Sunday 1 July 2012

Build Your Own Chicken Coop

This is a post I put on my other blog - An English Homestead - but as it's to do with woodwork I thought I'd post it here as well!
Over the years I've made lots of chicken coops (never bought one) and gradually refined the design on every new build, but each time there's always something else I'd change on the next one!
Here's my latest design for laying hens
Large coop for 8-10 birds

Front pop hole (still need to build he ramp to get to it)
I clad the coop in feather edge boarding as it was so much cheaper than shiplap. Also I think this will be easier to clean as with shiplap red mites and other nasties can hide in the tongue and groove where you can't get to them. With the roof I use bitumen sheeting as I've had problems with bugs getting between ply and felt when I've used that (I think this stuff works out cheaper anyway).
House raised off the floor
I now always like to make the coops 18" off the ground. This means rats and mice can't hide under it and also being that high it gives the chickens somewhere to shelter out of the rain.

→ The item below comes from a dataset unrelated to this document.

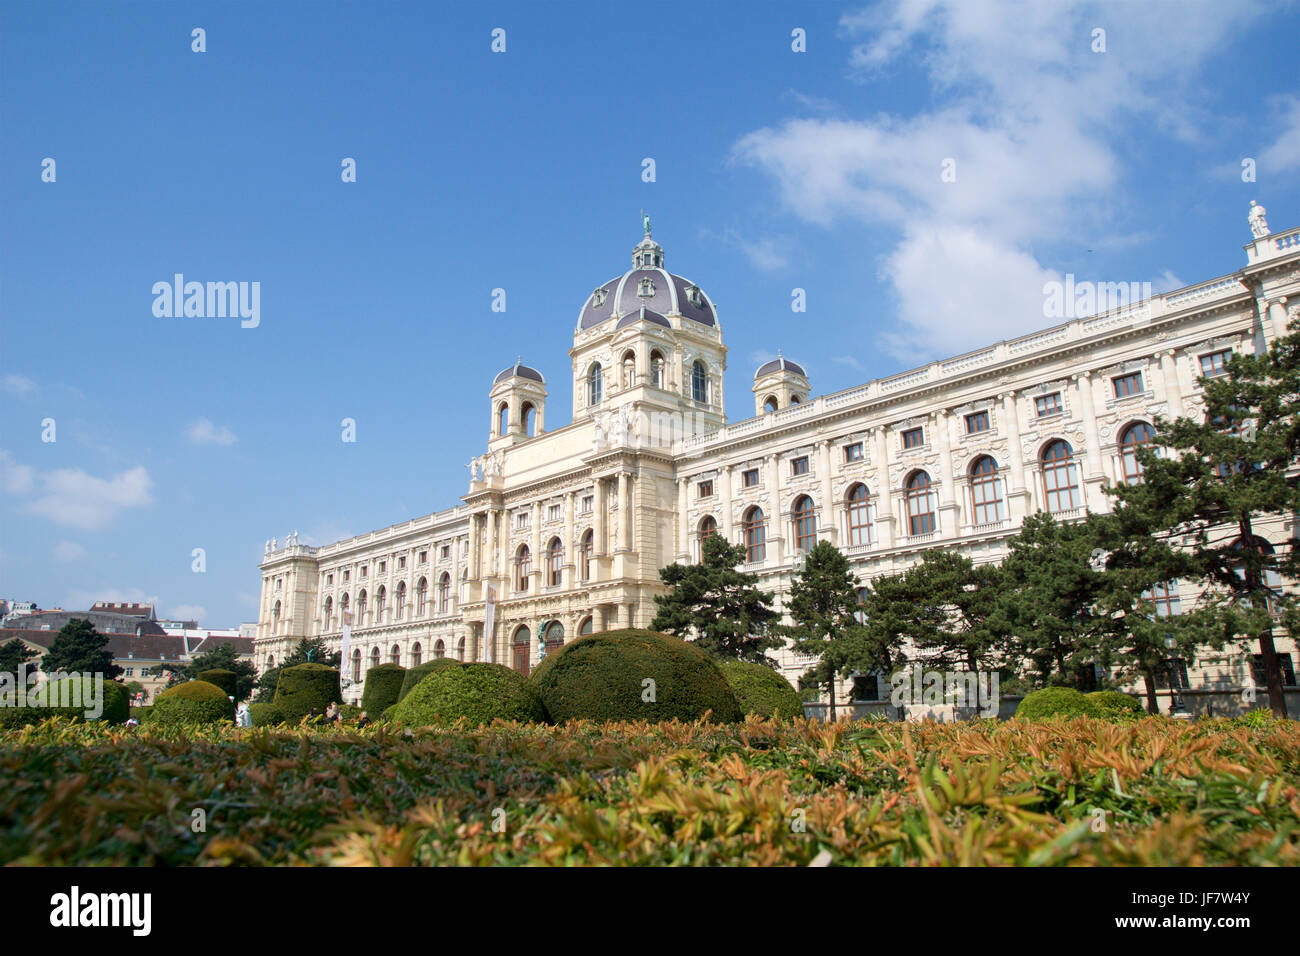 VIENNA, Austria - Aprile 29th, 2017: la splendida vista del famoso Naturhistorisches Museum Il Museo di Storia Naturale con il parco e la scultura, come si vede dal Maria-Theresien-Platz Foto Stock

Large door for easy cleaning
To make cleaning easy I made the whole front open so there's no excuse for a dirty coop!
Good ventilation is important (it's not a pill box)
Large nest box with a good slope to discourage chickens jumping on it
How do you build your chicken houses? And what would you change on yours/mine? Normally I always think I should have built it bigger!
We should be getting the chickens this week so I'll soon see what they think to it.

2 comments:

  1. When my wife and I were first married we thought we needed chickens. You live out in the country you have chickens. That is just how it is. You see my wife was raised in the city and when we got married I think she failed to realize she had found the only non-successful farmer in the USA.
    Our first house was a terrible little shack at one corner of a 350 acre fescue seed field. When we opened the door (It was nailed shut) we found dead birds, horrible carpet, .357 magnum shells, old beer cans, and Porn... But no actual bullet holes. But, I digress..
    We built a chicken coop.
    It was similar to yours, little door from getting the eggs out and built in feeder, you opened a door and filled it from the outside.
    However it had a floor close to to the ground and a wide door for cleaning. You just opened the front and pushed the straw out with a pitchfork or shovel.
    I made it 10ft wide and set with an old rail road tie at each end to act as skids so I could move it.
    I could also back the hay stacker up to it. Raise the bed, then back forks on the back of the bed under the chicken house (you would have to look up New Holland 1085) to actually see how it worked) Then I could lower the bed and the chicken house could be moved down the road.
    When the farmer I was renting from decided we had fixed the house up enough for his hired man, he suggested we move. So, I waited till the chickens were roosting, backed the stacker under the house, and drove the ten miles to our new home. I even got most of the chickens!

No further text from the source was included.